Что он сорвался вниз, казалось всем вполне очевидным, ибо в единственной руке его была судорожно зажата ветка, за которую он, как полагали, ухватился, чтобы удержаться от падения. Удивительно, однако, было то, что ветка была лавровая, хотя священное дерево бога не росло в тесном ущелье. Это показалось странным, но потом об этом просто перестали думать, никто ведь не знал, что с ним в действительности произошло, что в действительности скрывалось за этим. Никто не мог знать, что это была месть бога за человеческое счастье, месть за то, что его избранница ему изменила, не захотела жить для него одного.
Люди, которые его нашли, говорили, что вид у него был совсем как у спящего, но он словно лишился всех красок, выцвел и поблек, — он, в ком играли все свежие краски здоровья. Тело его было сплошь в ранах — без крови. Всю кровь унесла река. Это река взяла его себе. Она взяла себе все.
Сама я его не видела, как мне было решиться на это! Многие другие видели его — необычная смерть его наделала шуму, — видели люди, которые никогда бы и не вспомнили о нем, не умри он такою смертью. А я не могла. Моя любовь мешала мне пойти на него взглянуть, она бы непременно выдала себя, стала известна всем. Я не могла пойти к нему домой, куда его отнесли, это удивило бы его родителей, а то и навело бы на подозрения, я ведь была почти незнакома с ними. Я не могла ничего. Ничего, только лишь плакать в одиночестве, когда отец этого не видит. Он ни разу не заметил, что я плакала, ни разу ничего не заподозрил за все время, пока длилась наша любовь. Но узнала я обо всем от него, узнала о смерти моего любимого и как его нашли, узнала то, что знали все другие, все у нас в долине какое-то время говорили об этом.
Потом это скоро забылось. Он ведь мало кому был знаком в своих родных местах: его столько лет не было дома. Он не крестьянствовал здесь вместе с другими, не успел стать среди них своим. И вот умер. Так и не пришлось ему в жизни обзавестись клочком земли и возделывать его своей единственной рукою, чего он так горячо желал.
Но я его не забыла. Я так о нем горевала, что у меня сердце разрывалось, его смерть будто и меня жизни лишила, хотя он ведь тогда уже не был моим, я ведь потеряла его еще раньше и жизнь свою потеряла еще тогда, когда умерла его любовь. Теперь я ничего не лишилась.

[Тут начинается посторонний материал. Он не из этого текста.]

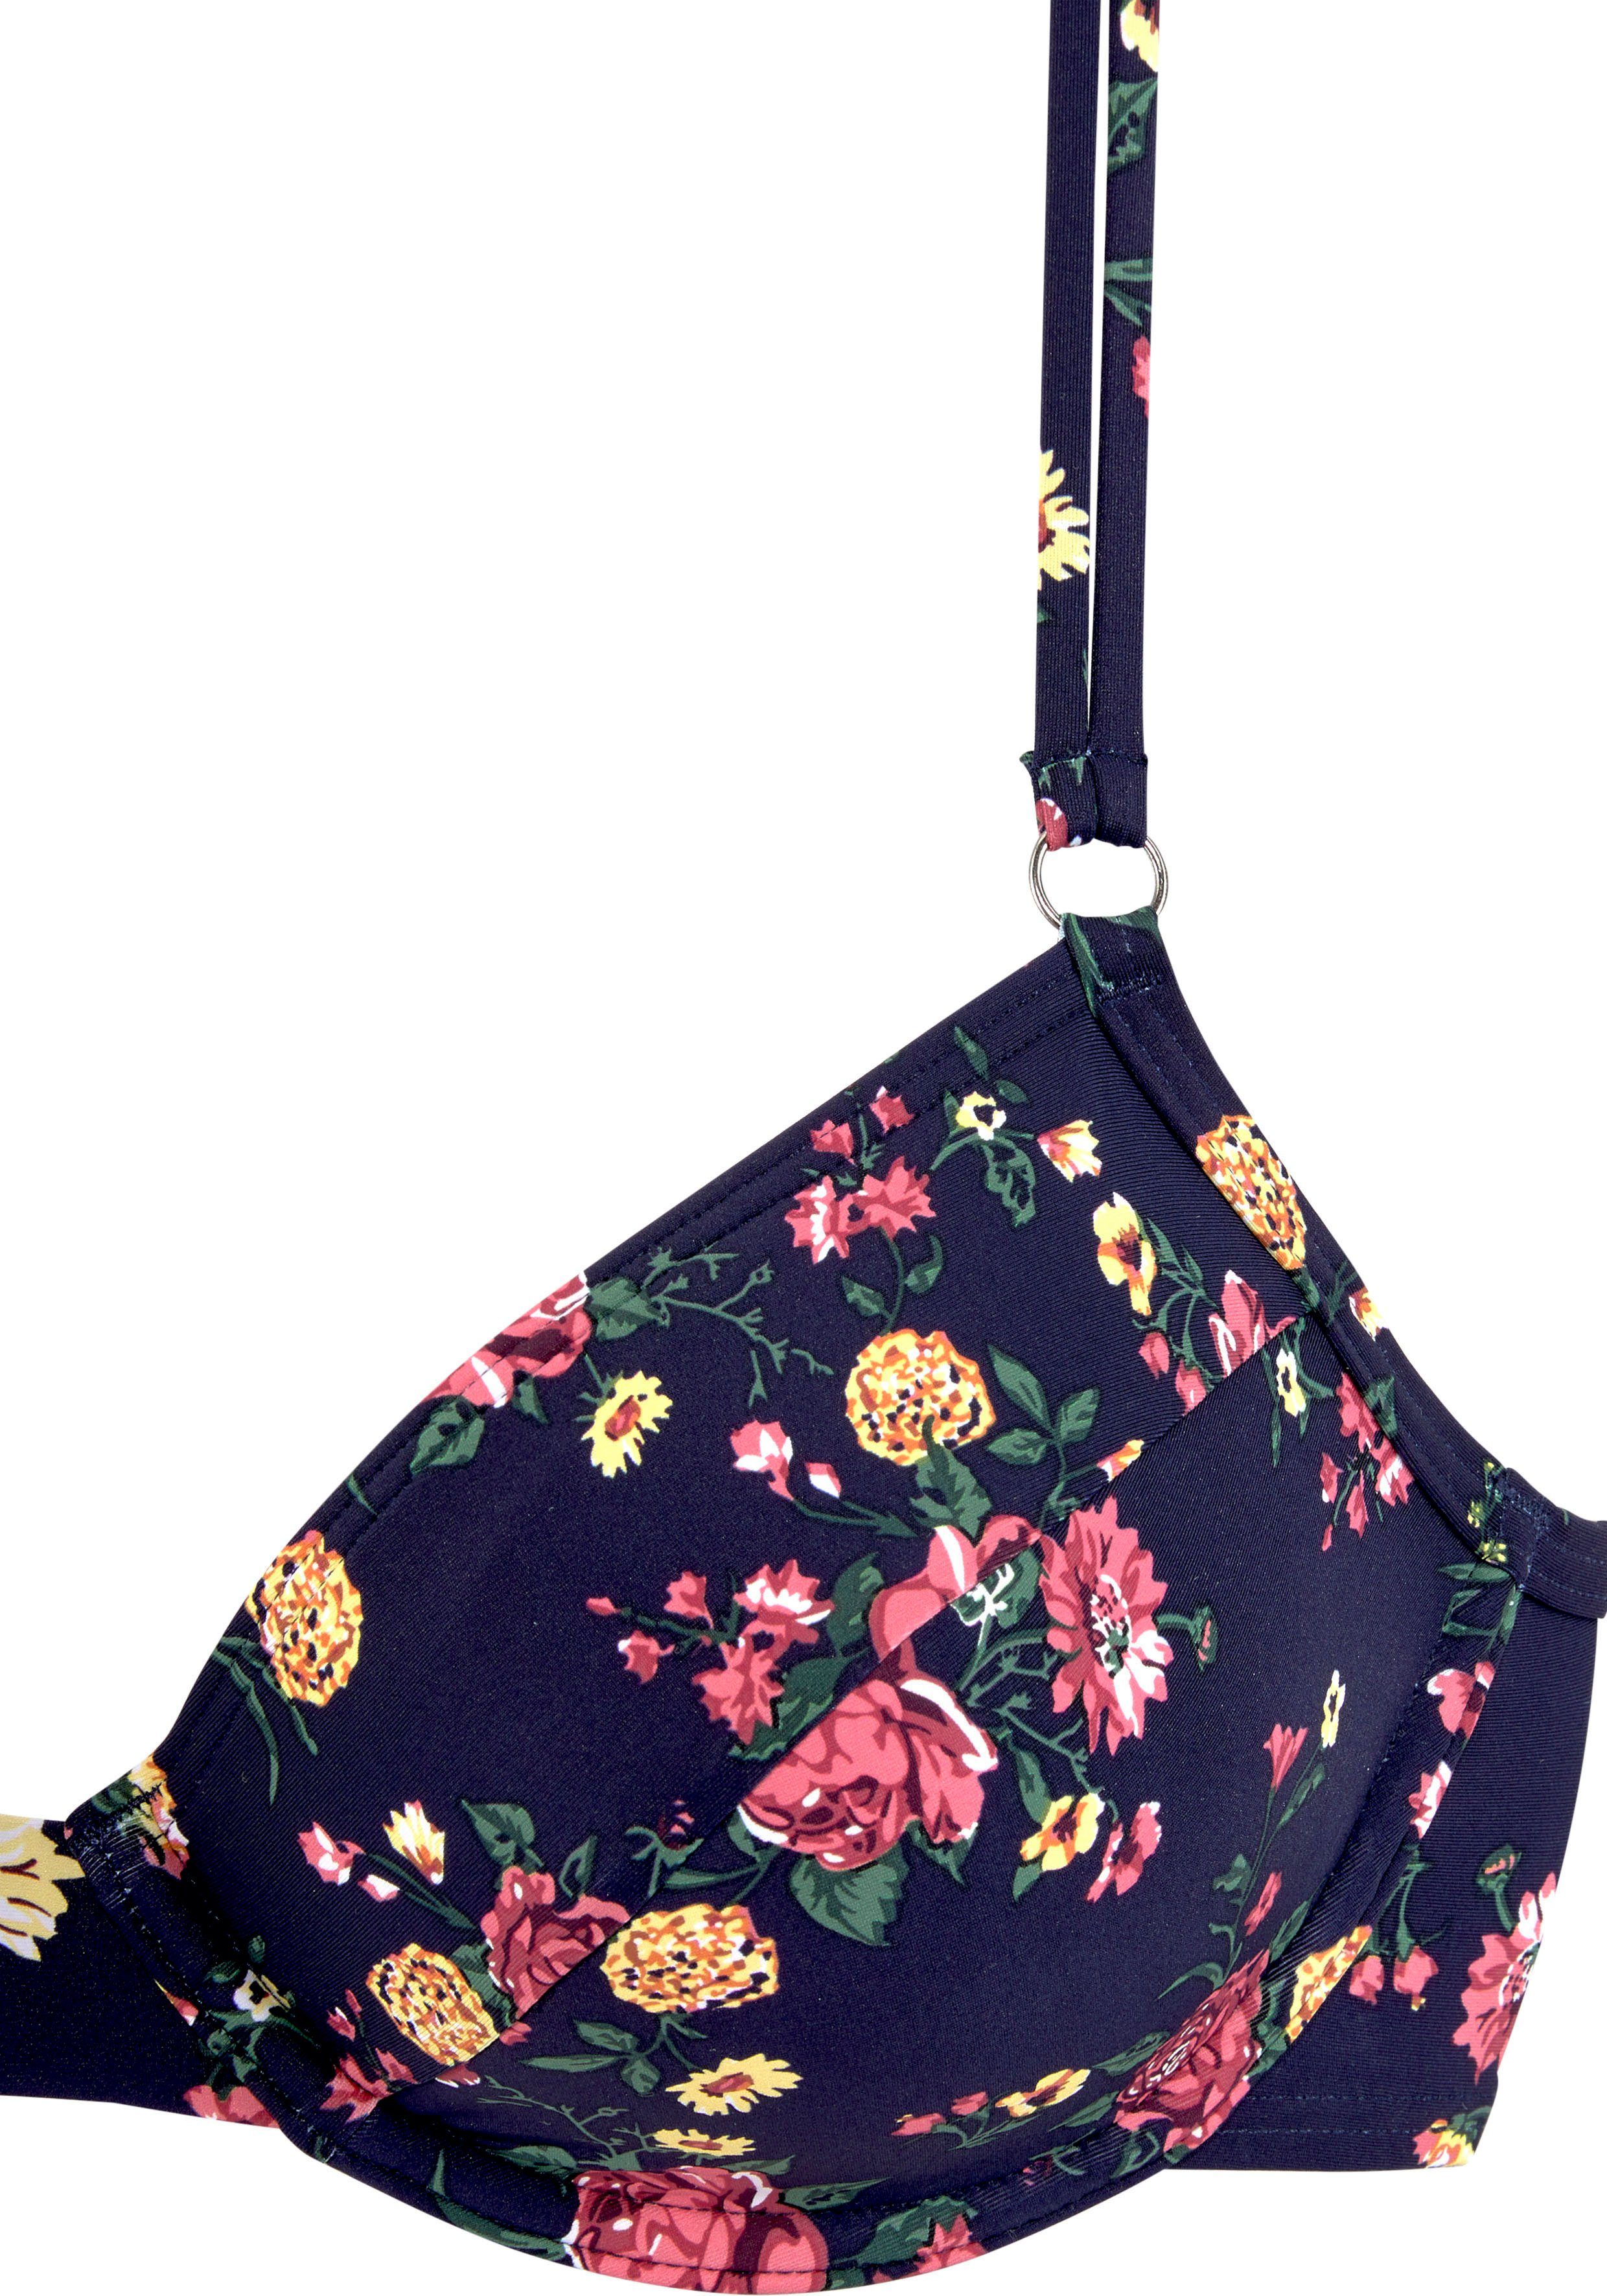 LASCANA Blumendesign romantischem Bügel-Bikini mit

Но могла ли я не думать о нем — о нем, кто дал мне все и кто потом все у меня отнял, кто в своей безмерной доброте дал мне вкусить жизнь!
Я никогда его не забывала. И никогда не забуду его, хотя прошло столько долгих лет, хотя все отодвинулось в такую даль, что должно, казалось бы, видеться мне как в тумане. Но он стоит у меня перед глазами как живой, точно он и не умирал.
До чего же странно сидеть вот так и снова вспоминать его, вспоминать ту единственную пору, когда я жила настоящей жизнью.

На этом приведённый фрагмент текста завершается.